● Your task: Retype each line of the material exactly, please, skipping any picture in it.

● Collected data:

▬▬▬

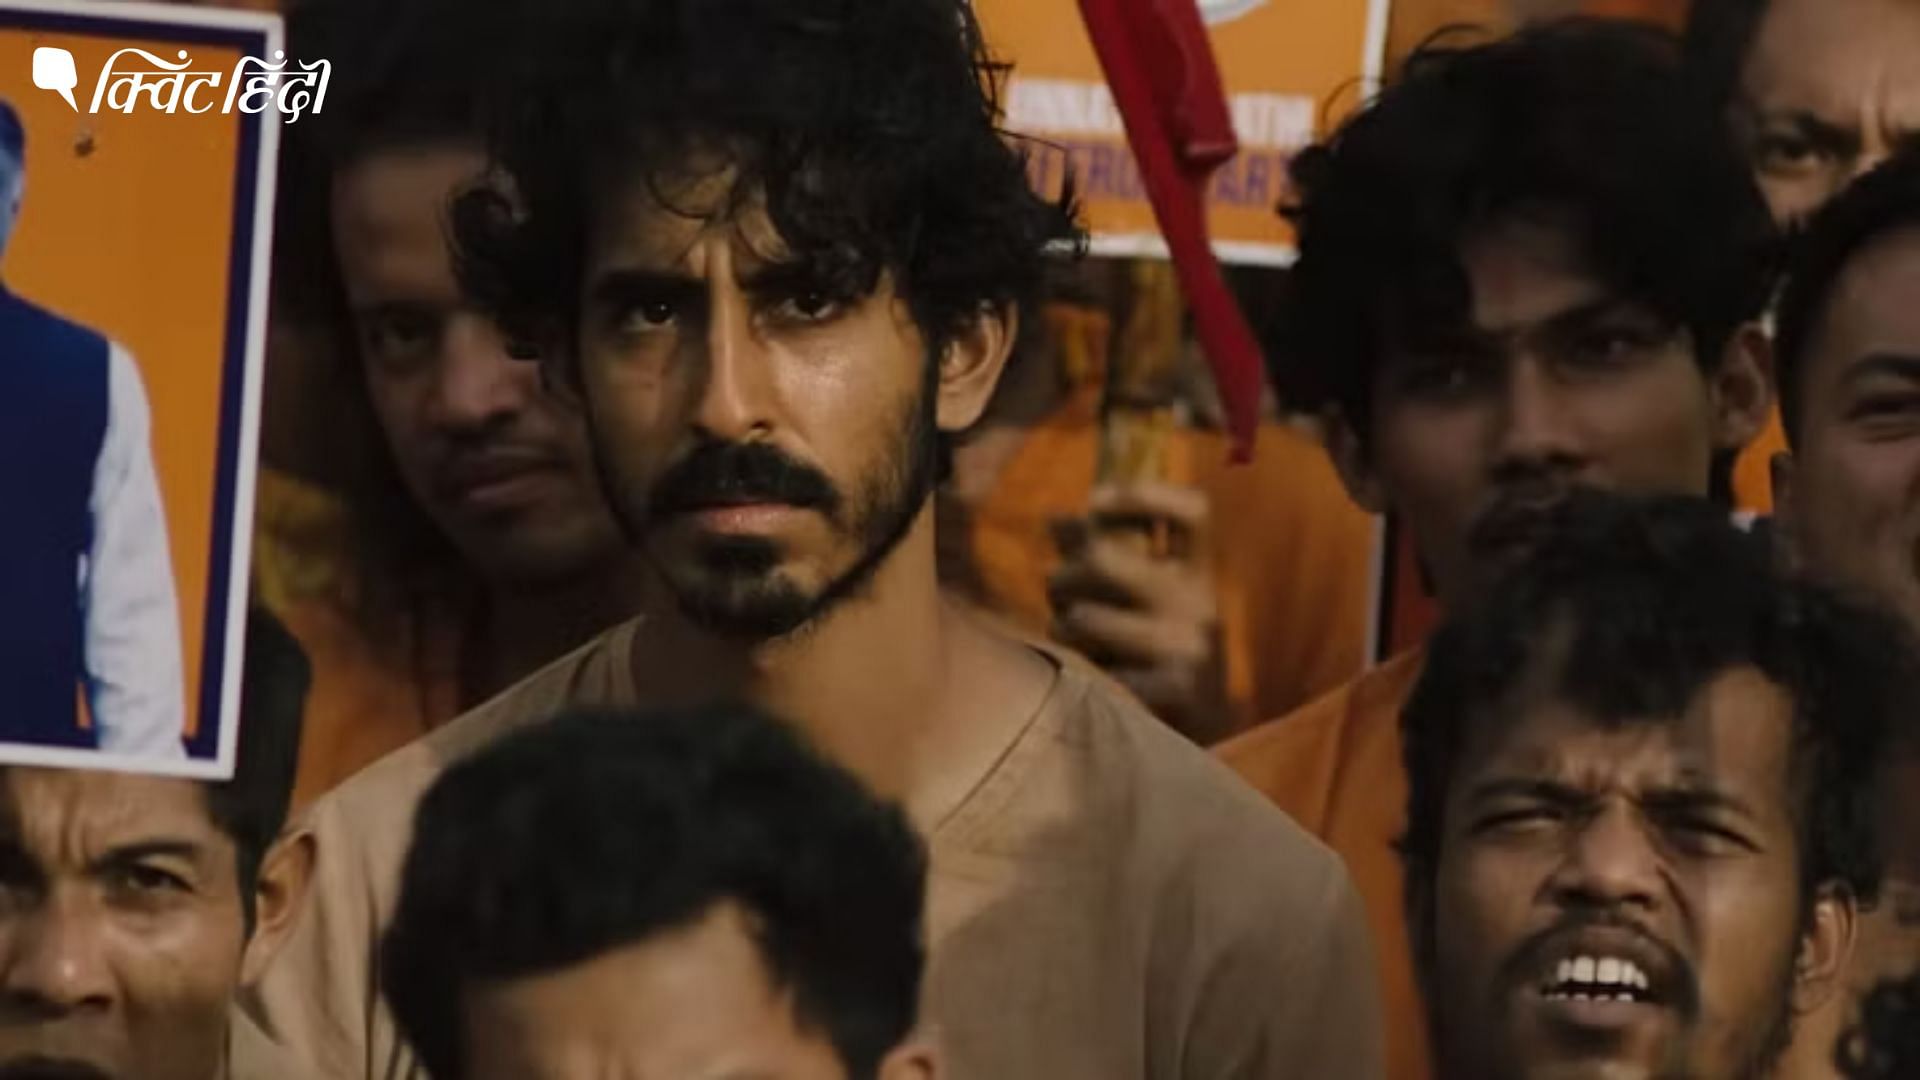 <div class="paragraphs"><p>भारत में देव पटेल की फिल्म 'मंकी मैन' की रिलीज क्यों हुई पोस्टपोन?- यहां समझें</p></div>
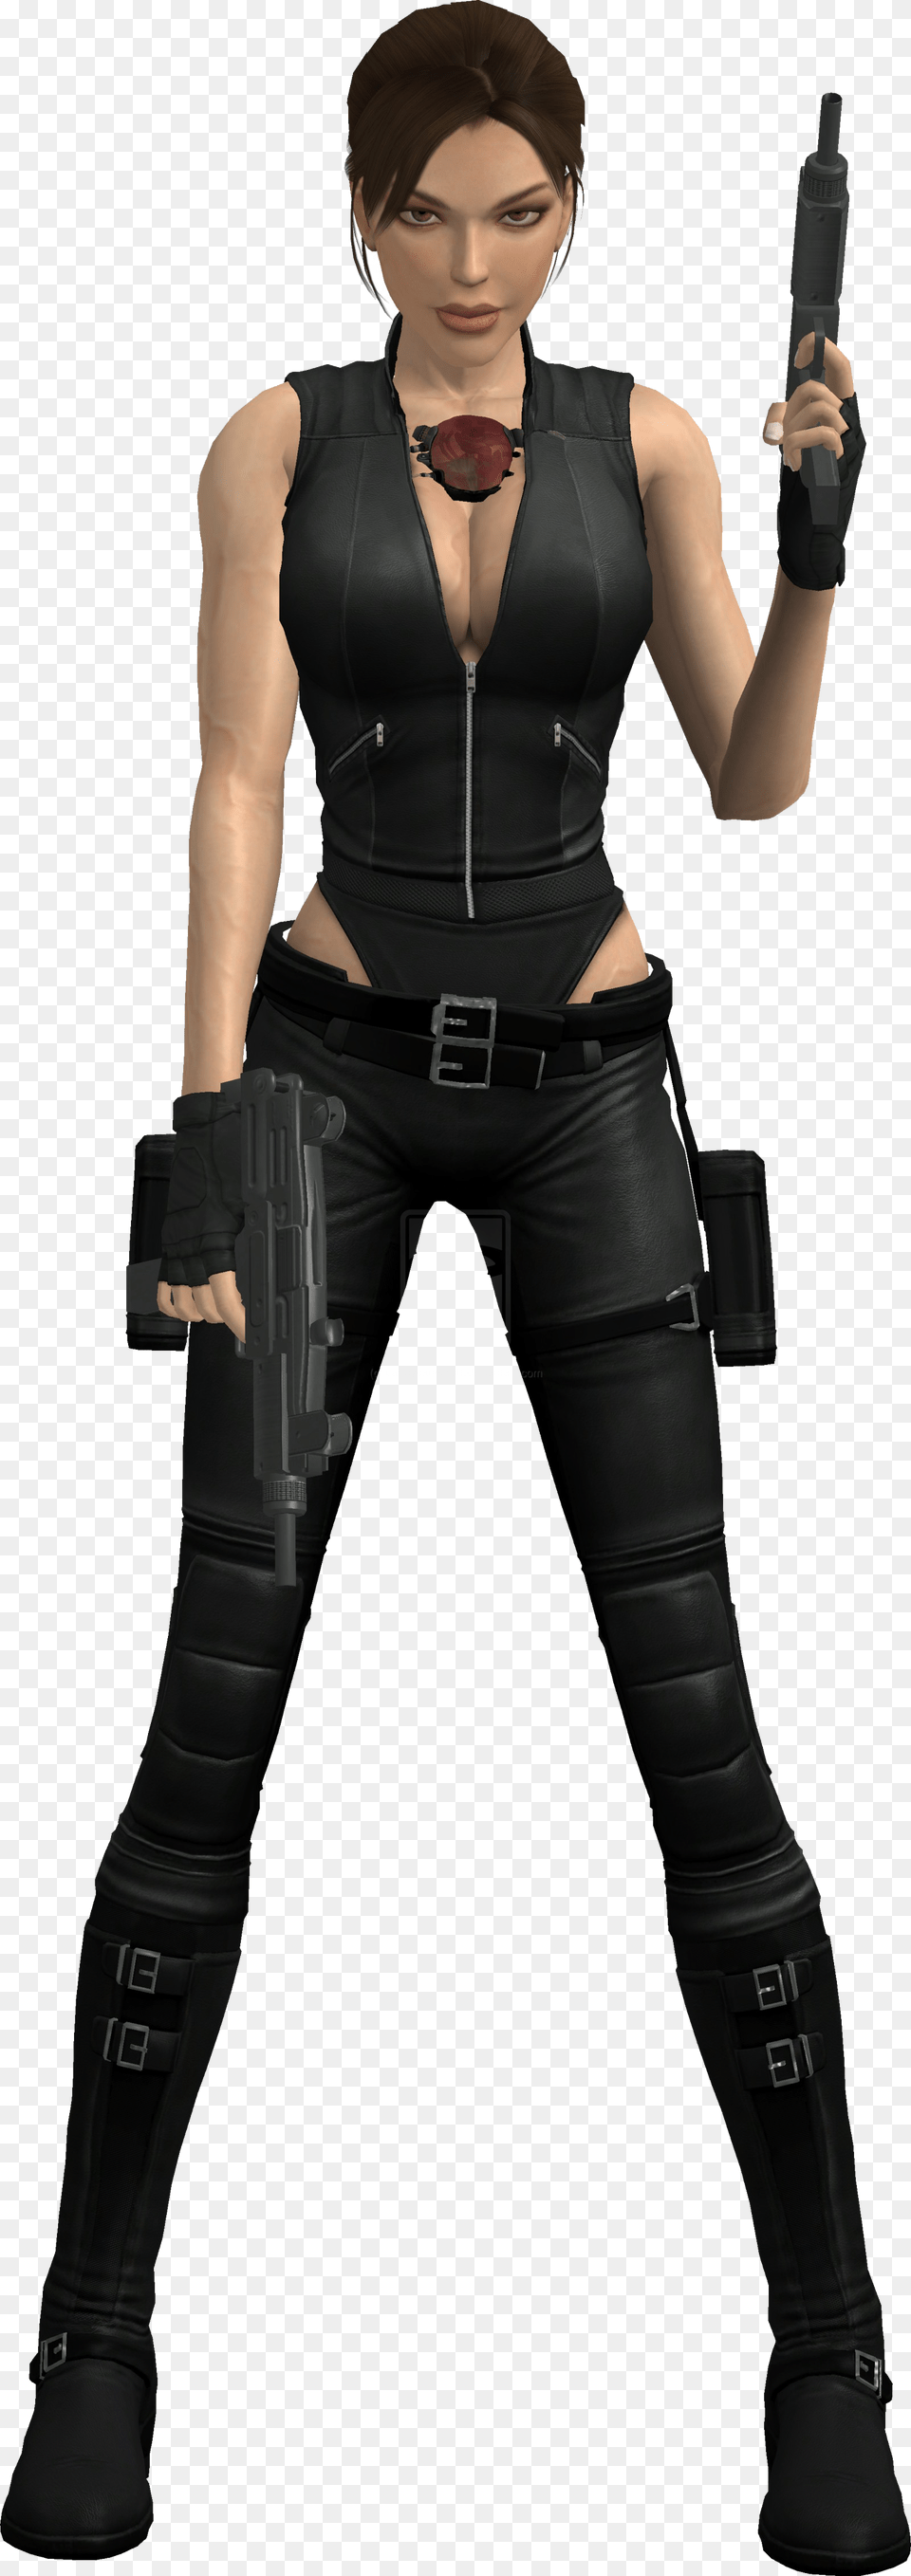 Tomb Raider Underworld Lara Croft Clothes, Weapon, Person, Handgun, Gun Free Png
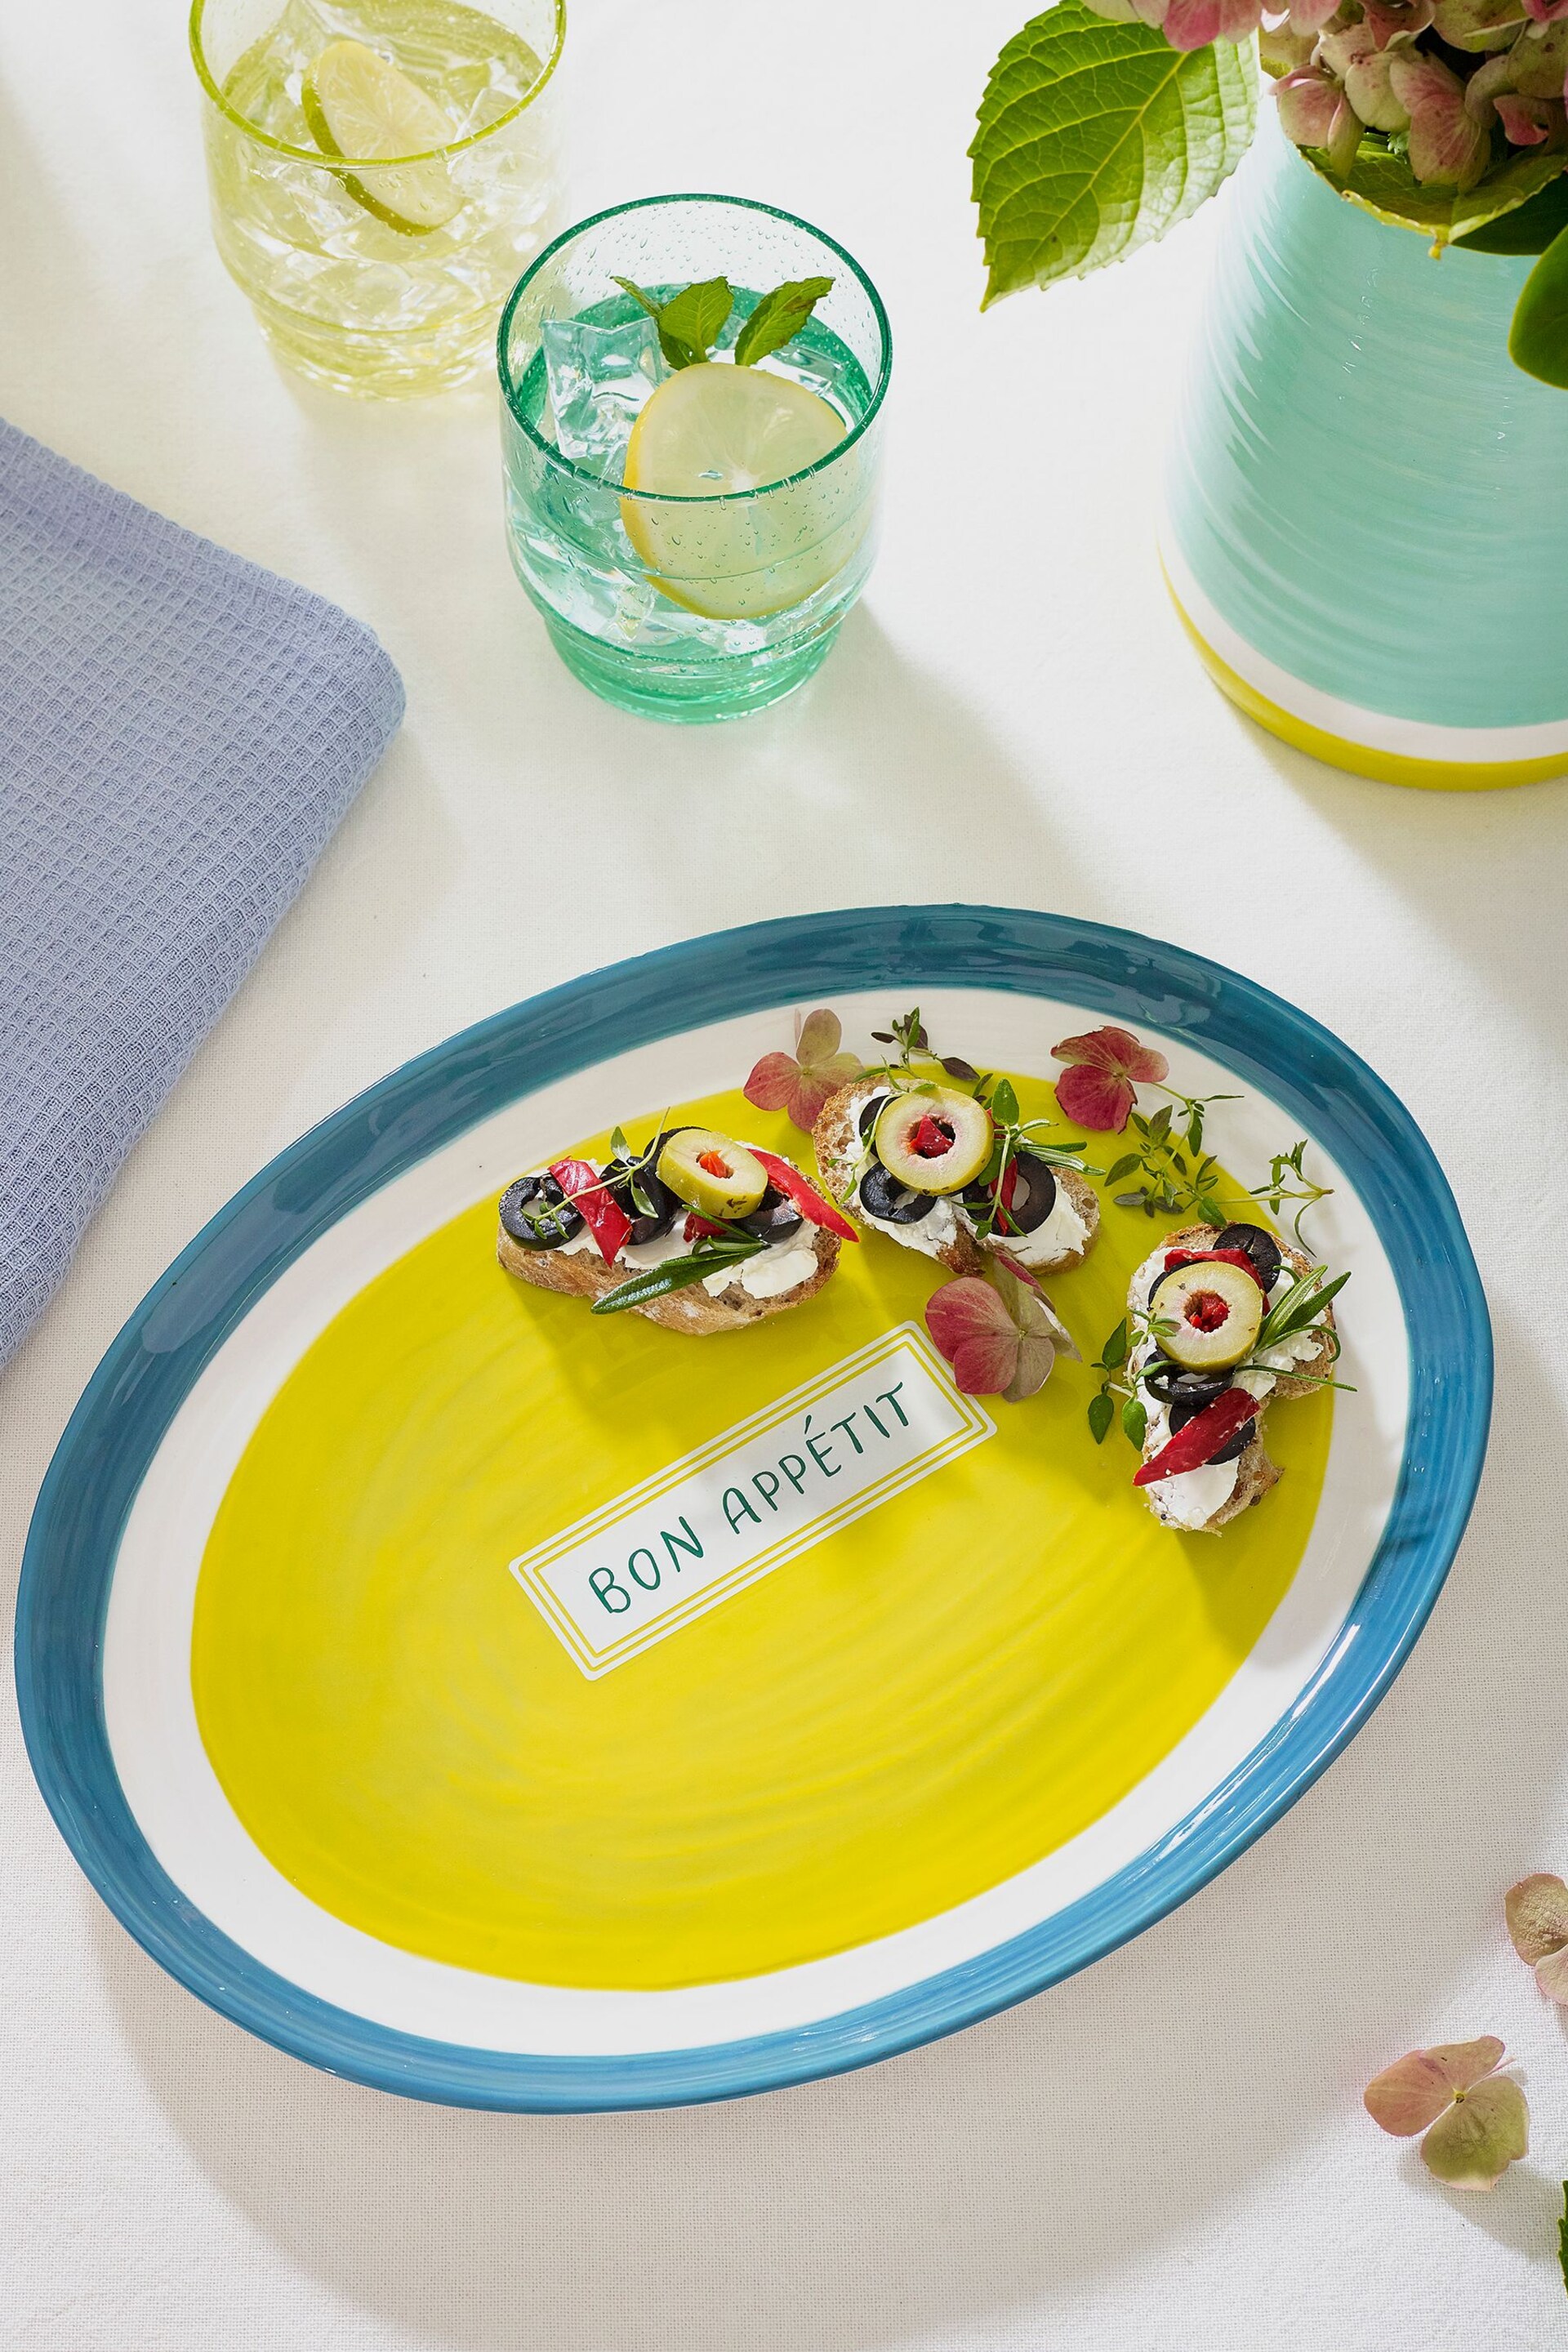 Teal Blue Bon Appétit Platter - Image 1 of 4

▬▬▬

● Written response:
 <div class="paragraphs"><p>भारत में देव पटेल की फिल्म 'मंकी मैन' की रिलीज क्यों हुई पोस्टपोन?- यहां समझें</p></div>
 Tomb Raider Underworld Lara Croft Clothes, Weapon, Person, Handgun, Gun Free Png
 Teal Blue Bon Appétit Platter - Image 1 of 4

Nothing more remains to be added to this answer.